Днем в какой-то деревушке, набившись по хатам, поели горячего, недолго погрелись и опять помчали, рассчитав добраться к вечеру до принеманской деревни Забродье на ночлег. Тут мать, чтобы меньше печалиться, пересела в сани к говорливому Роговичу, Гнатка перешел в ее возок, Юрий остался вдвоем с Еленкой.
На передних санях затянули песню. За дальностью слова не различались – в хвост обоза долетал тоскливый, щемящий напев.
Еленка тронула Юрия за плечо:
– Неужто, скажи, и вправду случится – Гнатка внесет меня в церковь, а выйду сама? Как все. Ты веришь?
– Верю. Подымешься с колен и пойдешь. А уж летом находишься по лесу за все годы.
– Добрый ты, Юрка. Жалеешь меня. А отец Фотий добрый?
Юрий кивнул:
– Он близкий.
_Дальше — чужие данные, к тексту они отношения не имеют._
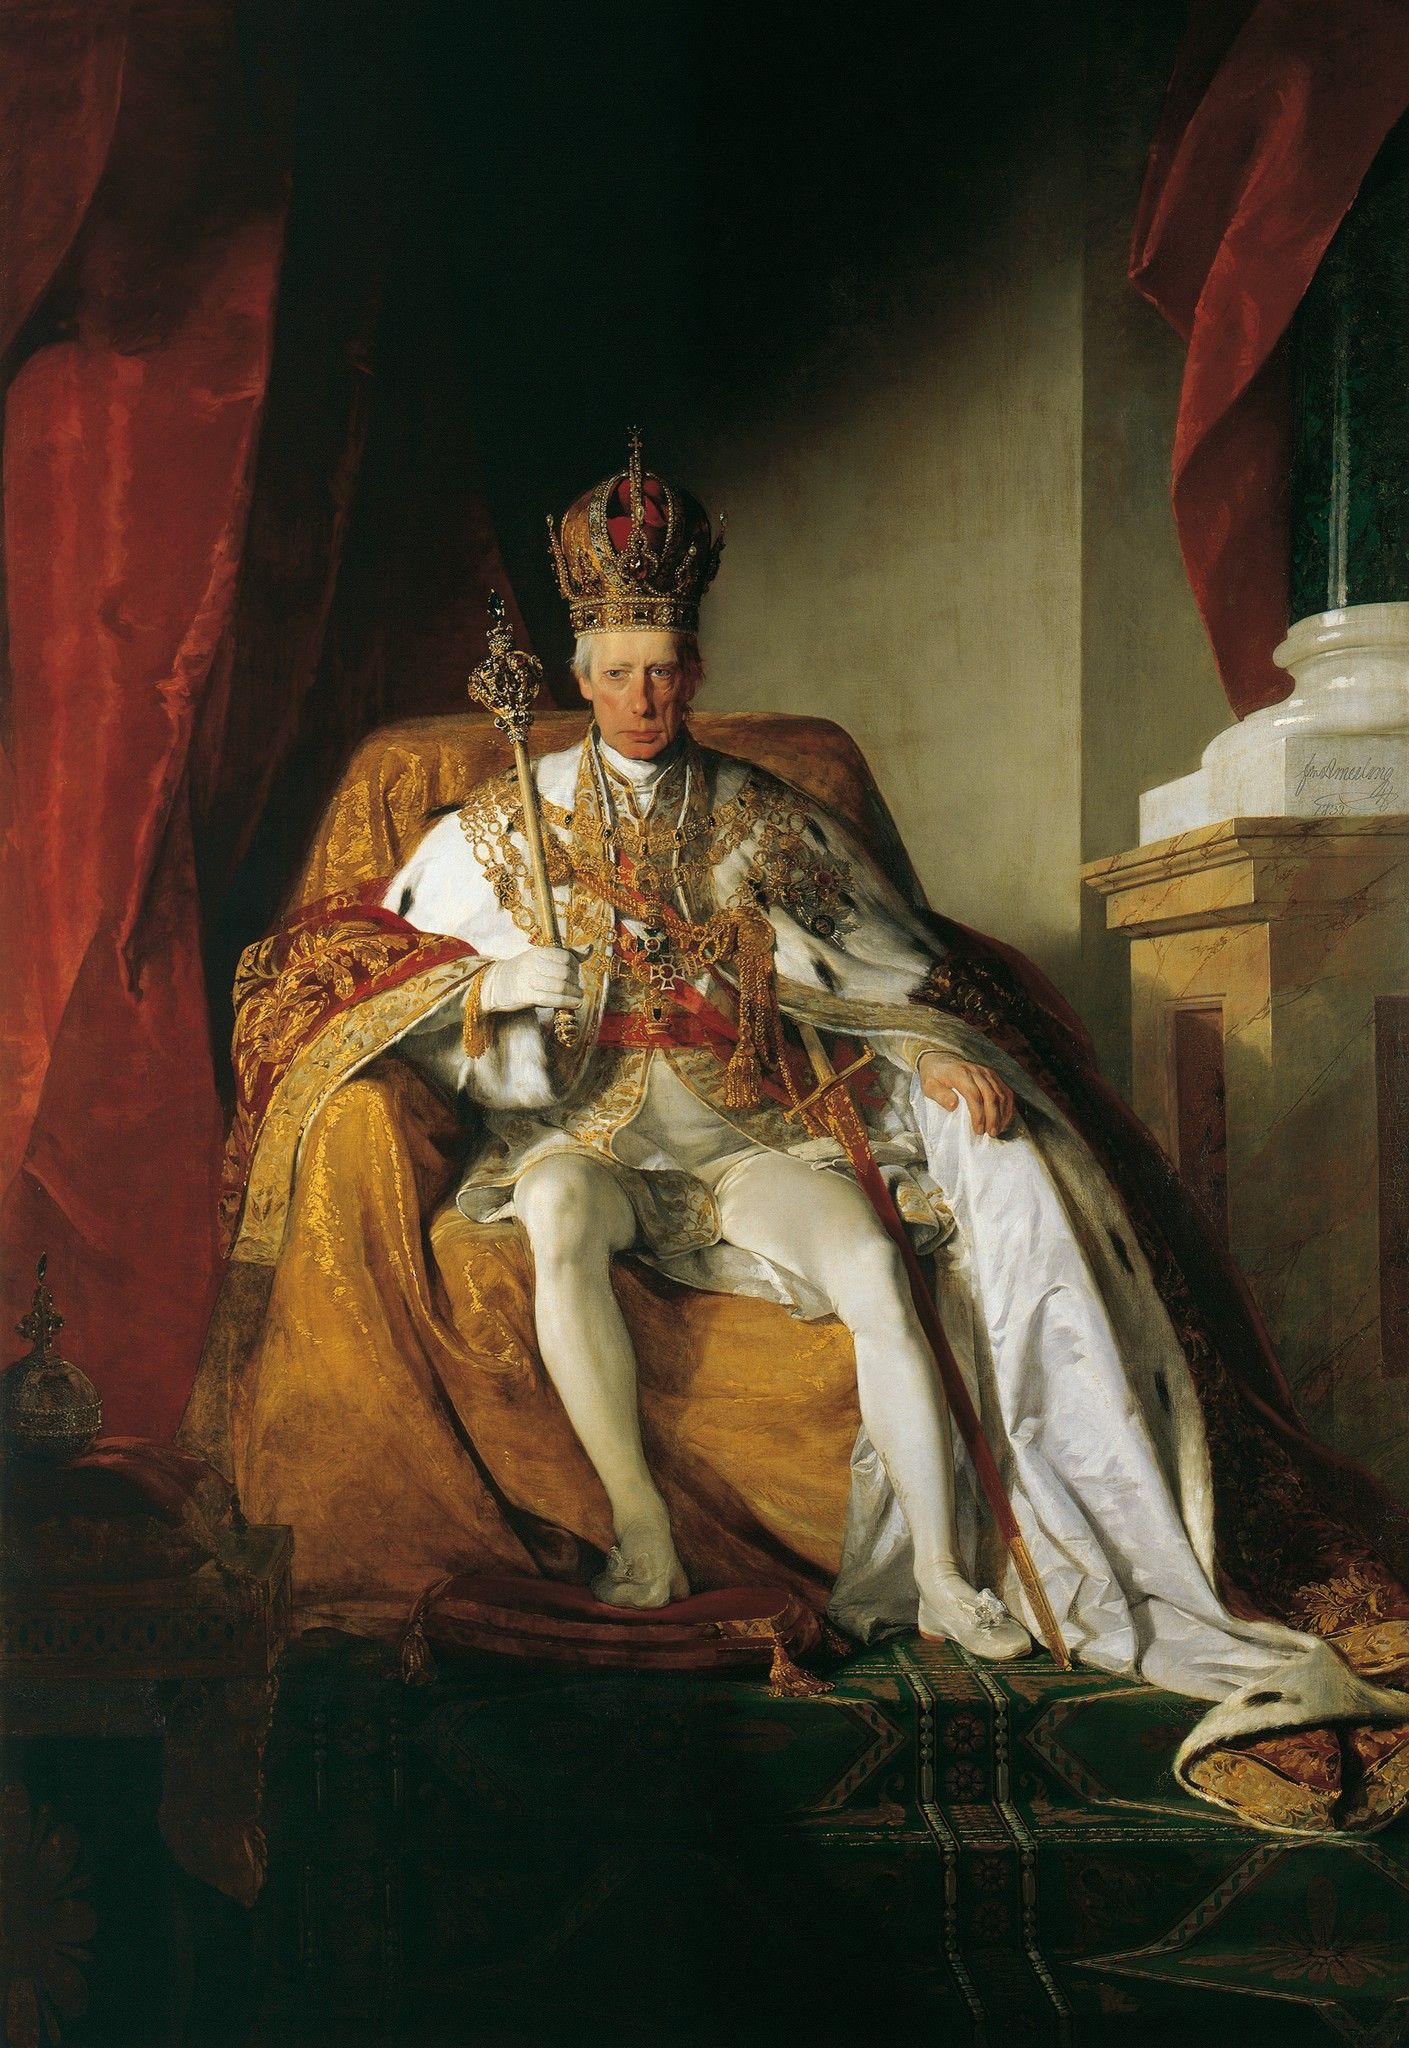 THE LAST HOLY ROMAN EMPIRE EMPEROR FRANCIS II 2 PAINTING ROME ART CANVAS PRINT

У меня мало близких: сестра, Фотий да ты.
– Я?! Ты же увидал меня впервые на дзяды. Два раза виделись.
– По душе близятся люди,– сказал Юрий.– Увидал недавно, а словно всю жизнь тебя знал. А тебе кто близкий?
– Гнатка.
– Он разве не родня вам?
– Гнатка у отца лучником был, во все походы с отцом ходил. А как жена его однажды пошла за клюквой и потонула в болоте, так у нас остался. Не смог в своем доме жить. Ему сватали многих, а он говорит: как слышу женский голос, так и слышу, как она кричит в болоте, меня на помощь зовет. Вот Мишкин друг приезжал, Андрей, сказал отцу, что сватов пришлет к Софье. Гнатка узнал, сел и плачет: жалко, что увезут. Так расстроился.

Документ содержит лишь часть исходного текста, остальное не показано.